Édition nº 117

Le chemin du tir à l’arc  |  Des tirs justes

Le chemin du tir à l’arc

Il est important de répéter
     Une action est une pensée qui se manifeste.
      Un petit geste nous dénonce, de sorte que nous devons tout perfectionner, penser aux détails, apprendre la technique de telle manière qu’elle devienne intuitive. L’intuition n’a rien à voir avec la routine, elle relève d’un état d’esprit qui est au-delà de la technique.
      Ainsi, après avoir beaucoup pratiqué, nous ne pensons plus à tous les mouvements nécessaires : ils font désormais partie de notre existence. Mais pour cela, il faut nous entraîner, répéter.
      Et comme si cela ne suffisait pas, il faut répéter et nous entraîner.
      Observez un bon forgeron qui travaille l’acier. Pour l’œil mal entraîné, il répète les mêmes coups de marteau.
      Mais celui qui connaît l’importance de l’entraînement sait que, chaque fois qu’il soulève le marteau et le fait redescendre, l’intensité du coup est différente. La main répète le même geste, mais à mesure qu’elle s’approche du fer, elle comprend si elle doit le toucher plus durement ou plus délicatement.
      Observez le moulin. Pour qui regarde ses ailes une seule fois, il semble tourner à la même vitesse, répétant toujours le même mouvement.
      Mais celui qui connaît les moulins sait qu’ils sont soumis au vent et changent de direction chaque fois que c’est nécessaire.
      La main du forgeron a été éduquée après qu’il a répété des milliers de fois le geste de marteler. Les ailes du moulin peuvent se mouvoir très vite après que le vent a beaucoup soufflé et que ses engrenages ont été polis.
      L’archer laisse beaucoup de flèches passer loin de son objectif, car il sait qu’il n’apprendra l’importance de l’arc, de la position, de la corde et de la cible que lorsqu’il aura répété ses gestes des milliers de fois, sans craindre de se tromper.
      Et puis vient le moment où il n’a plus besoin de penser à ce qu’il est en train de faire. Dès lors, l’archer devient son arc, sa flèche et sa cible.

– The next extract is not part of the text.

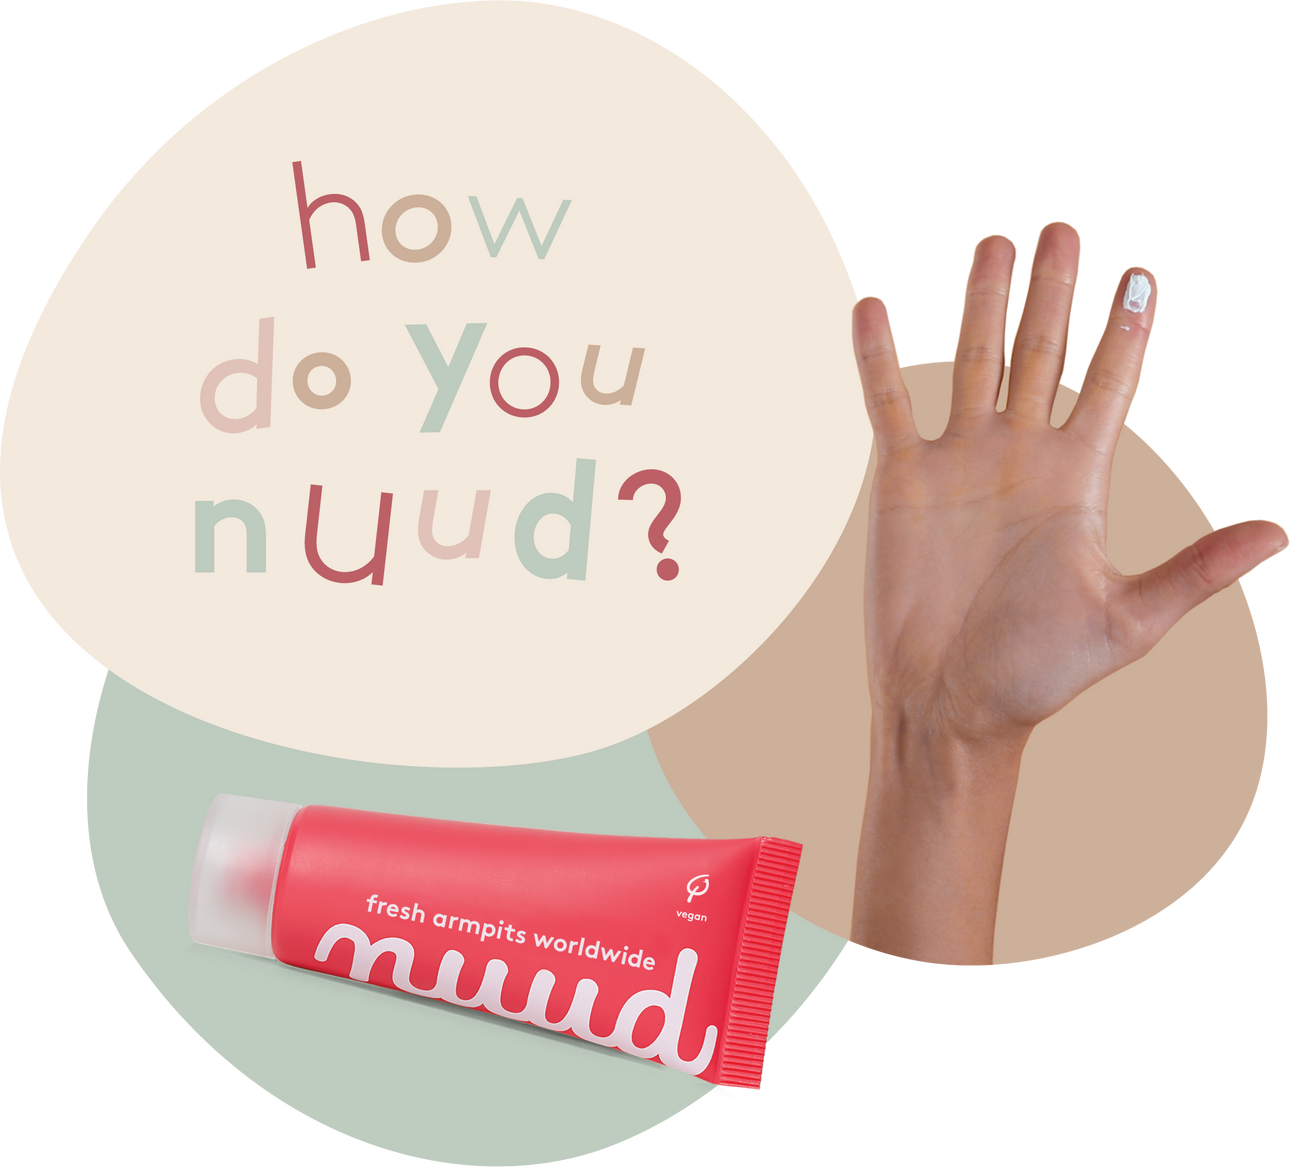 How do you nuud?
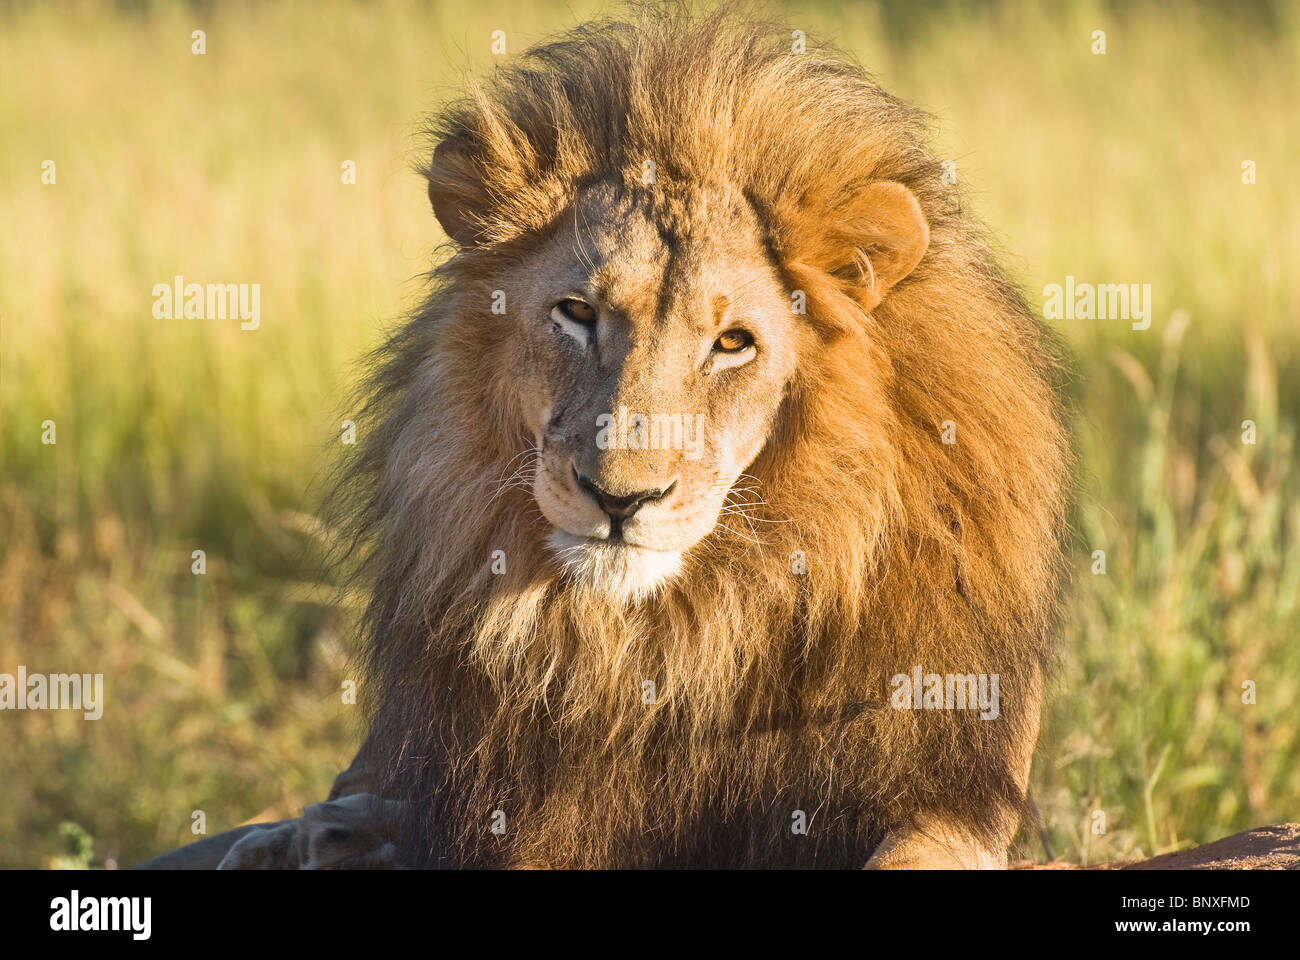 Lion (Panthera leo) - single adult male resting in close-up with eye contact - Okonjima, Damaraland, Namibia, Southern Africa Stock Photo

Comment observer le vol de la flèche
     La flèche est l’intention qui se projette dans l’espace.
      Une fois qu’elle a été lancée, l’archer ne peut plus rien faire, si ce n’est accompagner son parcours vers la cible. À partir de ce moment, la tension nécessaire au tir n’a plus de raison d’exister.
      Alors, l’archer garde les yeux fixés sur le vol de la flèche, mais son cœur est en paix et il sourit.
     À ce moment, il s’est suffisamment entraîné, il est parvenu à développer son instinct, il a gardé son élégance et sa concentration durant tout le processus du tir, il va sentir la présence de l’univers et voir que son action était juste et digne.
      Grâce à la technique, ses deux mains sont prêtes, sa respiration précise, ses yeux peuvent fixer la cible. Grâce à l’instinct, le moment de tirer sera parfait.
      Celui qui passerait près de là et verrait l’archer les bras écartés, ses yeux suivant la flèche, penserait qu’il est paralysé. Mais les alliés savent que l’esprit de celui qui a tiré est dans une autre dimension, qu’il est maintenant en contact avec tout l’univers : il continue à travailler, apprenant tout ce que ce tir a apporté de positif, corrigeant les erreurs éventuelles, acceptant ses qualités, attendant de voir comment la cible réagit quand elle est atteinte.
      Lorsque l’archer tend la corde, il peut voir le monde entier dans son arc. Lorsqu’il accompagne le vol de la flèche, ce monde s’approche de lui, le caresse, et il a la sensation parfaite du devoir accompli.
      Aussitôt qu’il accomplit son devoir et transforme son intention en geste, un guerrier de la lumière n’a plus rien à redouter : il a fait ce qu’il avait à faire. Il ne s’est pas laissé paralyser par la peur – même si la flèche n’a pas atteint la cible, il aura une autre occasion, car il ne s’est pas montré lâche.